For undersampling, we will halve the majority dataset, to further balance out the dataset from a 100:0.02\:0.014 ratio to a more modest 10:1\:1. Hopefully this won't negatively affect the data interpretation and classification too much.

In [165]:
# testing pipelining 'over' and 'under'
steps = [('o', over), ('u', under)]
pipeline = Pipeline(steps=steps)

# transform dataset
X_test, y_test = pipeline.fit_resample(X, y)
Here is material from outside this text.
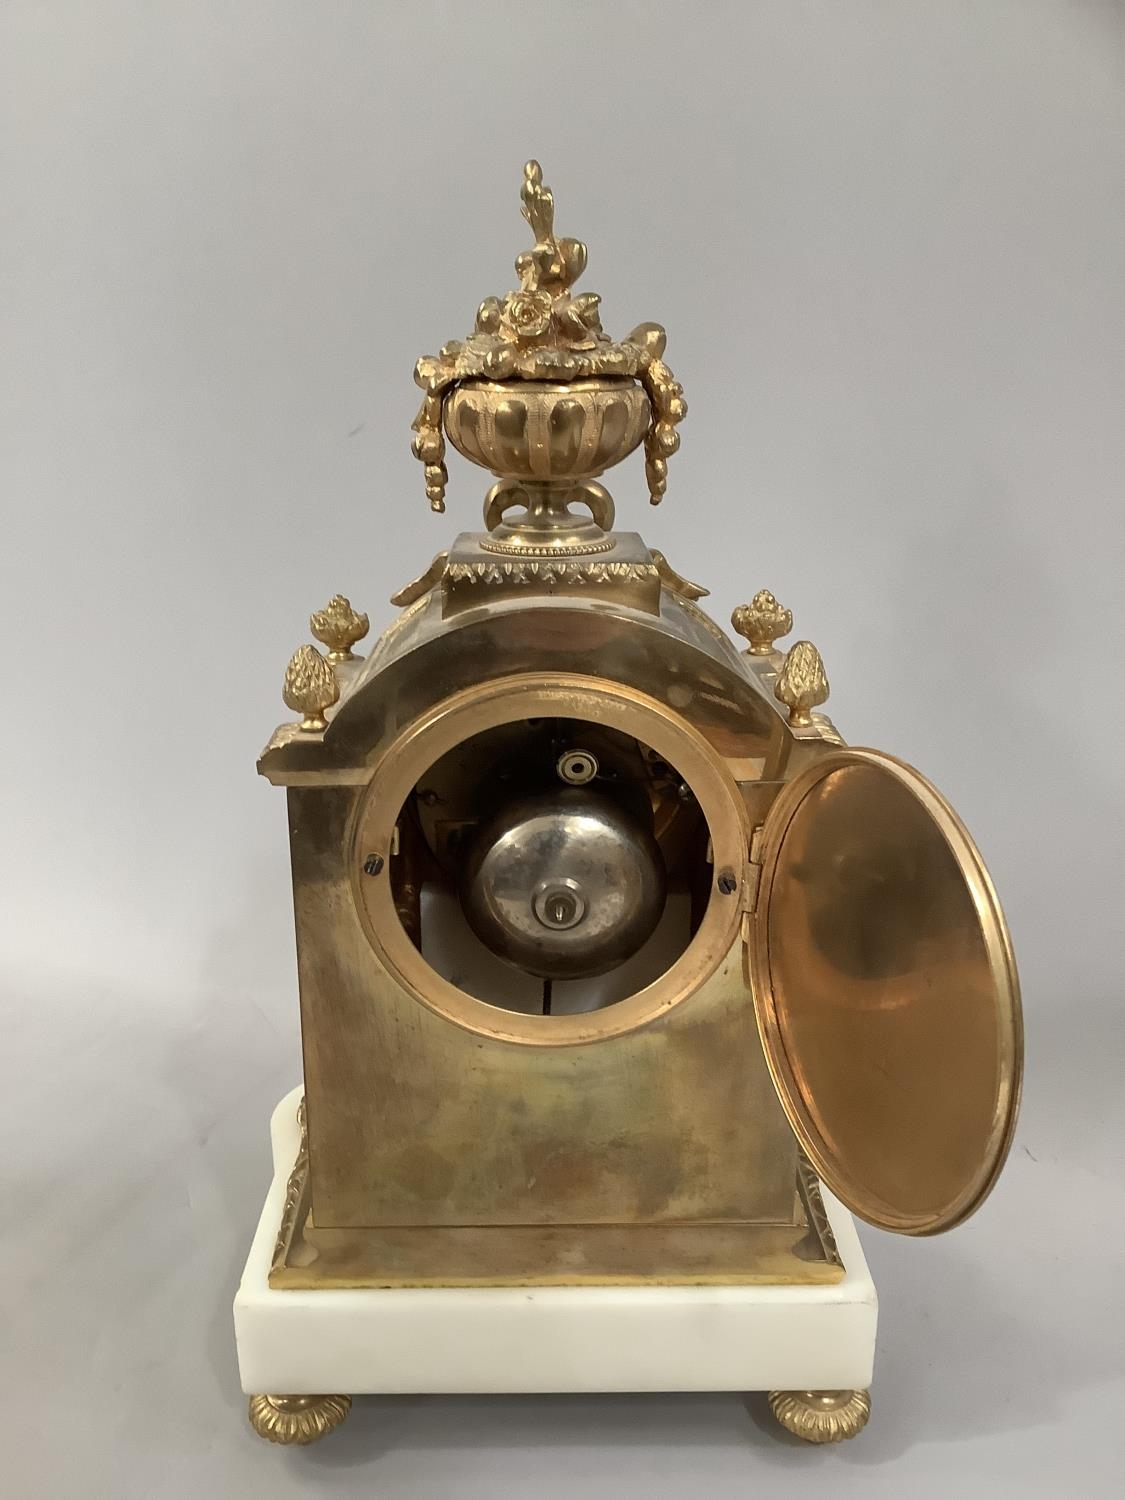 A 19TH CENTURY FRENCH ORMOLU AND ALABASTER CLOCK, with 8 day pendulum movement striking on one bell, - Image 3 of 5

# summarize new class distribution
counter = Counter(y)
print(counter)

ValueError: Input X contains NaN.
SMOTE does not accept missing values encoded as NaN natively. For supervised learning, you might want to consider sklearn.ensemble.HistGradientBoostingClassifier and Regressor which accept missing values encoded as NaNs natively. Alternatively, it is possible to preprocess the data, for instance by using an imputer transformer in a pipeline or drop samples with missing values. See https://scikit-learn.org/stable/modules/impute.html You can find a list of all estimators that handle NaN values at the following page: https://scikit-learn.org/stable/modules/impute.html#estimators-that-handle-nan-values

Note to self: either implement an imputer in the pipeline, or implement it via an encoder to fill in NaN values in the dataset properly (i.e., accounting for what they are replaced with properly, making sure it doesn't skew the dataset weirdly, etc.)